• **SOURCE DATA**
● ● ● ● ●

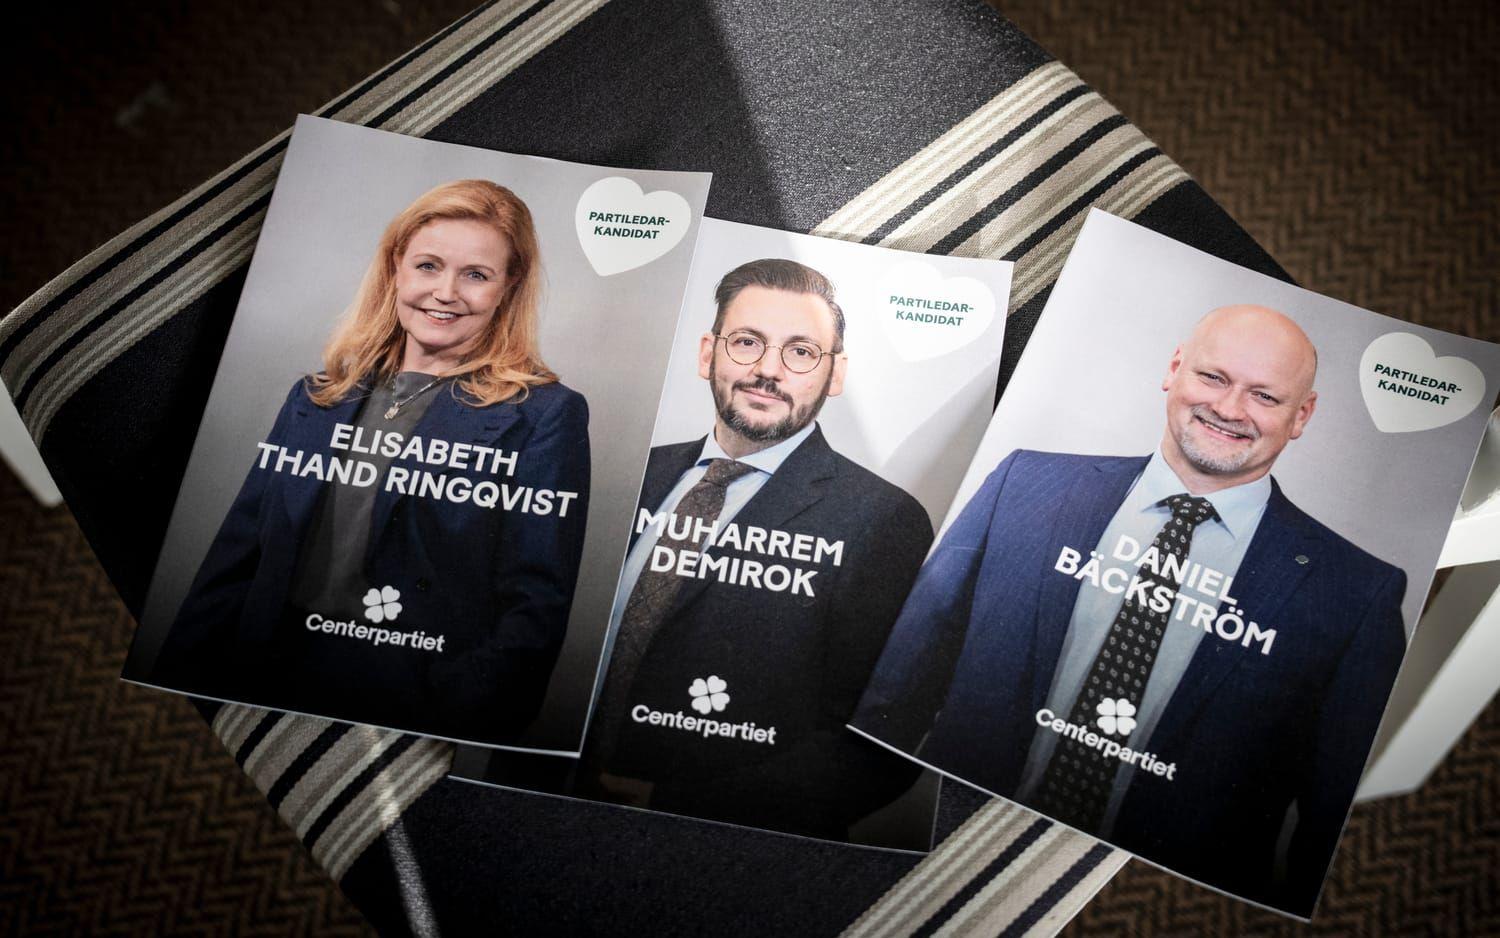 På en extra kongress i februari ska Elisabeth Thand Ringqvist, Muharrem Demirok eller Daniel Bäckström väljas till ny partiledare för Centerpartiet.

● ● ● ● ●

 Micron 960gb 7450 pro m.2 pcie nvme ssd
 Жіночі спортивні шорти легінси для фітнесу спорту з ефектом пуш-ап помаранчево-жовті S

● ● ● ● ●

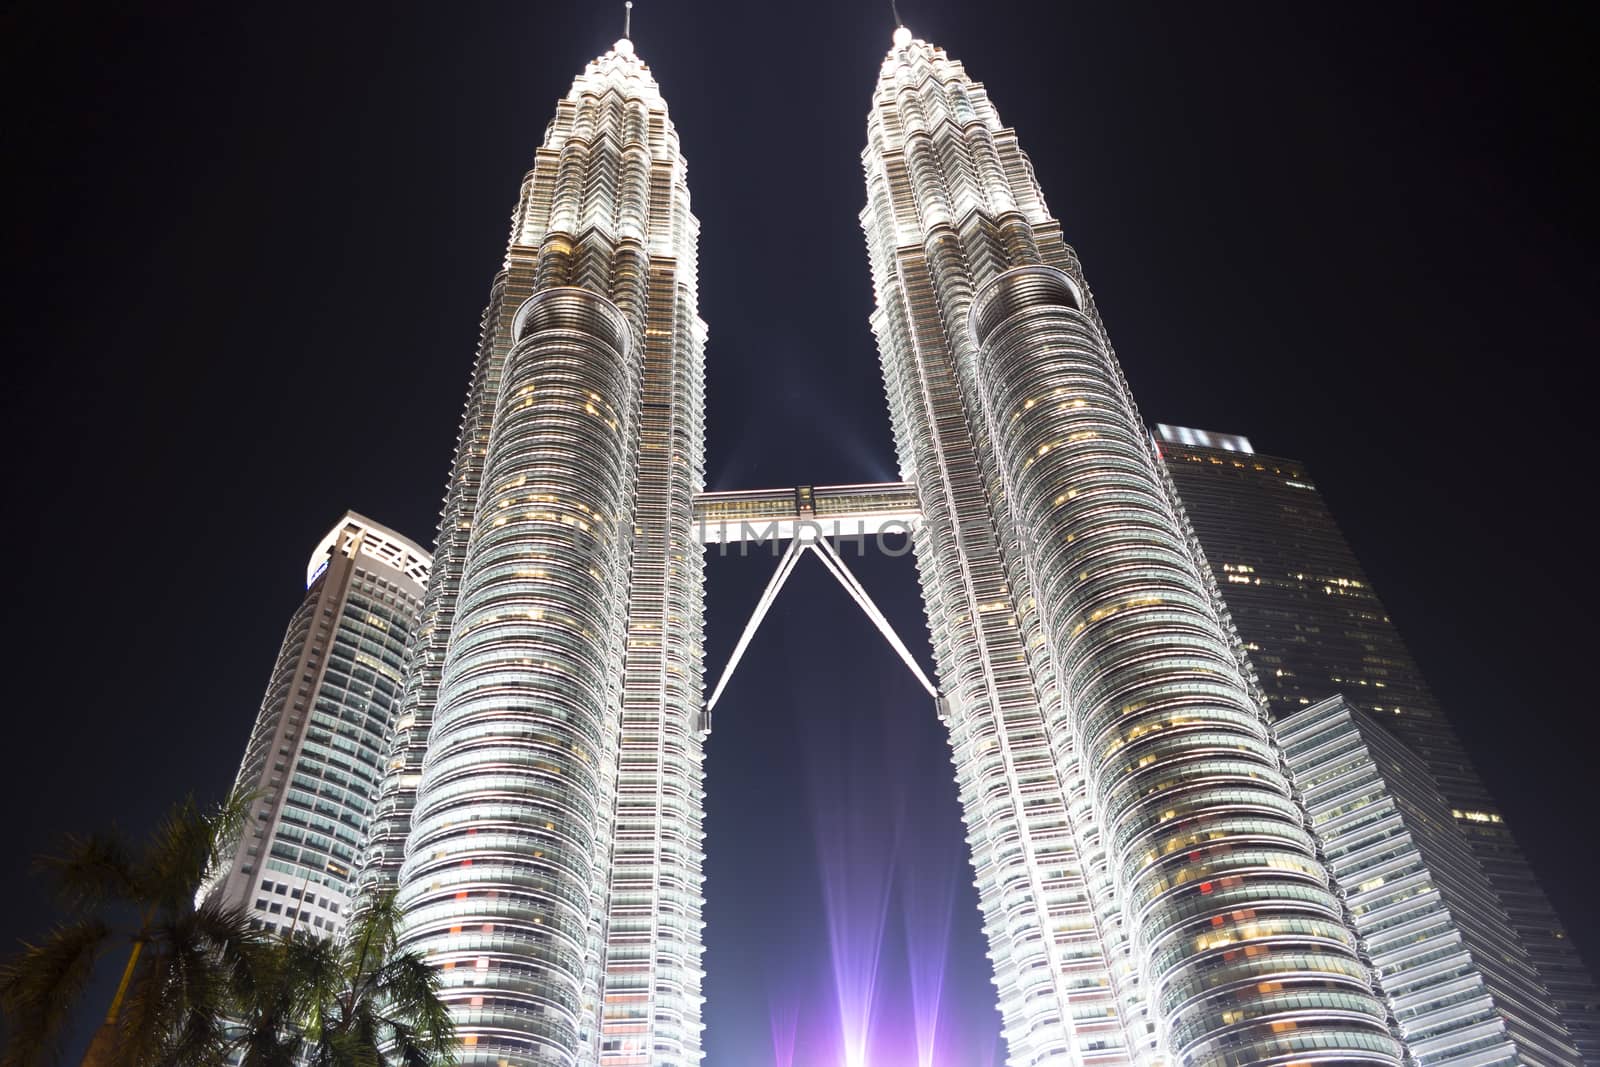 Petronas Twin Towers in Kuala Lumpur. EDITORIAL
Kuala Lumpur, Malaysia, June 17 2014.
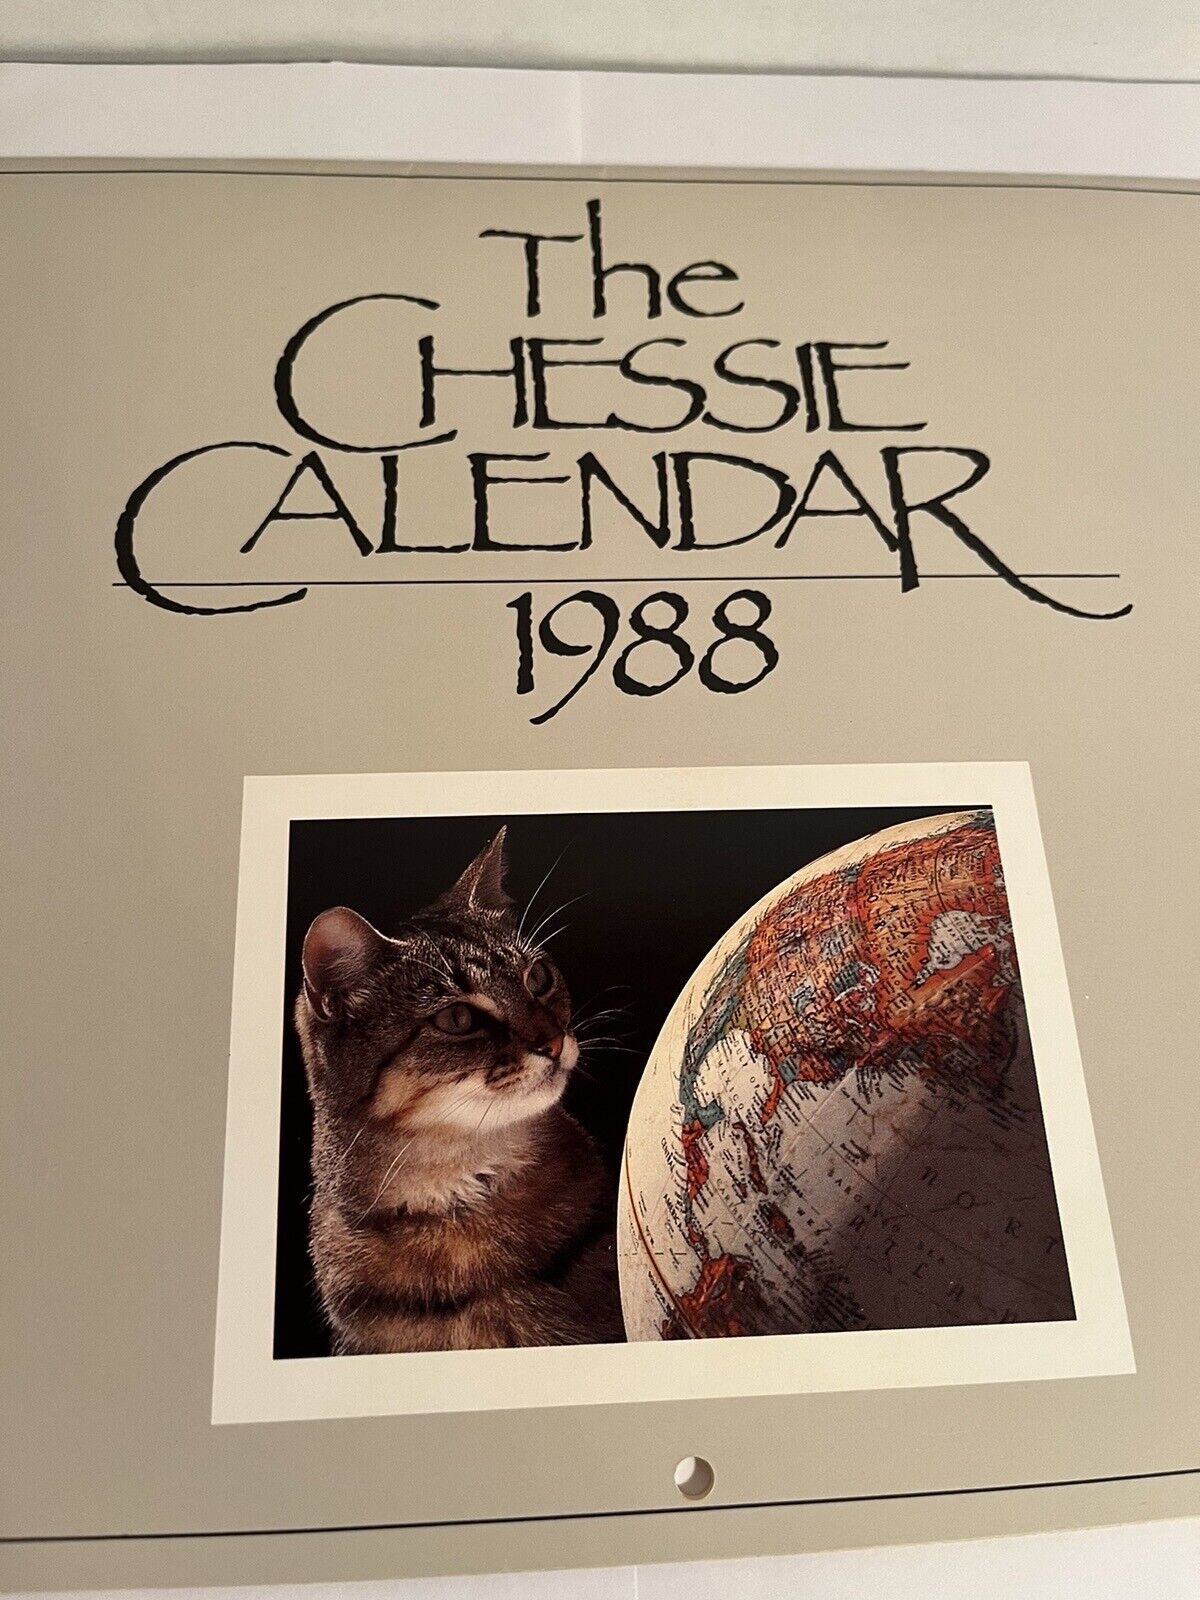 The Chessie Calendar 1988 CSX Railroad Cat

● ● ● ● ●

• **YOUR OBJECTIVE**
All pictures are to be skipped. Output, word for word, the lines in the data above starting at the line containing "Petronas Twin Towers" and ending at the line containing "The Chessie Calendar 1988 CSX Railroad Cat".

• **OUTPUT FOR THIS EXERCISE**
 Petronas Twin Towers in Kuala Lumpur. EDITORIAL
Kuala Lumpur, Malaysia, June 17 2014.
 The Chessie Calendar 1988 CSX Railroad Cat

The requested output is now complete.